The main danger of this point in time, between the end of class and the start of your careers, is the temptation to ease off on sharpening your skills. It’s easier to make excuses now; easier to let other priorities get in the way.

However, a muscle unused becomes atrophied and skillsets are no different. Consistent practice keeps you sharp and is good to make a habit of, but consistent practice is simply maintenance on the skills that you already have. True growth as a developer, and in general, comes from making the habit of adding new things to your repertoire.

What new tools should you add to your skillset? How much time should you allocate to practice vs exploration? When do you find time to stay on top of the job application process?

This Road Map will begin to answer those questions, but is not a hard-and-fast plan for everyone.
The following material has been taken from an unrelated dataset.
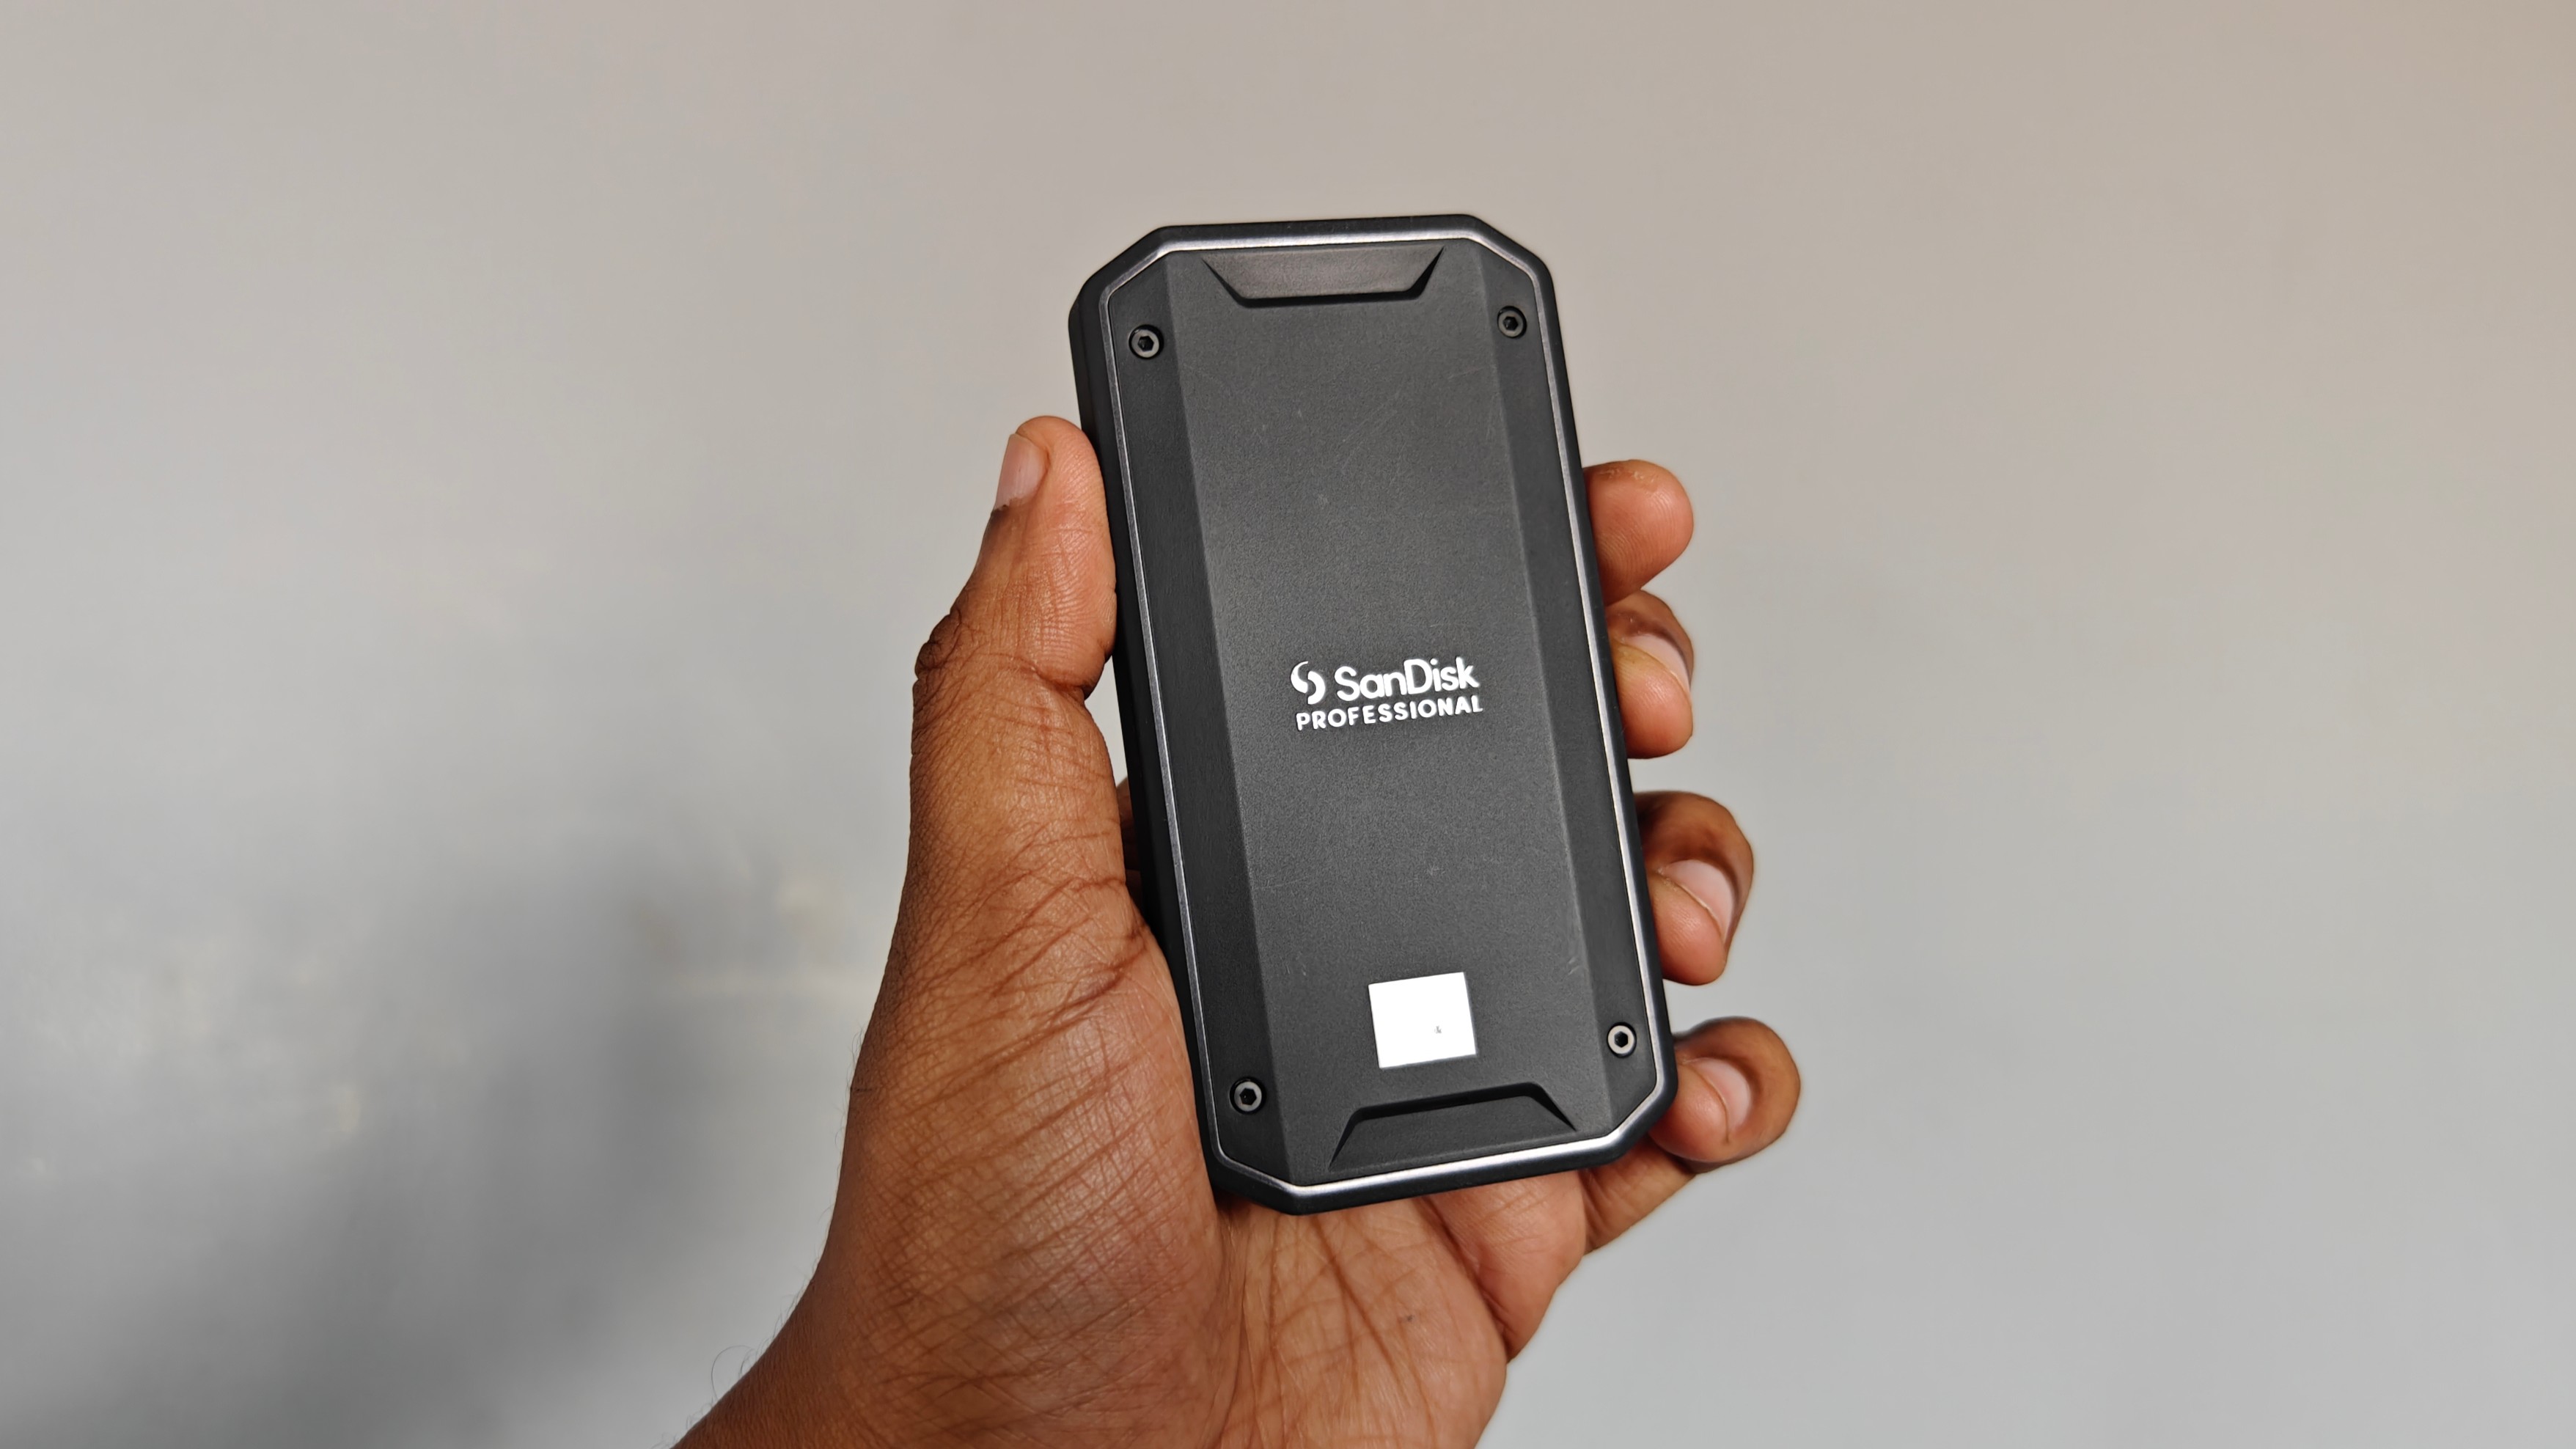 SanDisk Professional PRO-G40 Thunderbolt / USB Dual-Mode Portable SSD Review

Read it through and do what works best for you, modifying the contents with what fits your schedule, your finances, and your interests.

Tips on Structuring Time and Accountability

The main thing missing from post-graduate, pre-employment life is structure and accountability. There’s nowhere to be at 9am, and nothing to get done by 5pm. There are no partners to keep up or communicate with unless you forge those relationships yourself.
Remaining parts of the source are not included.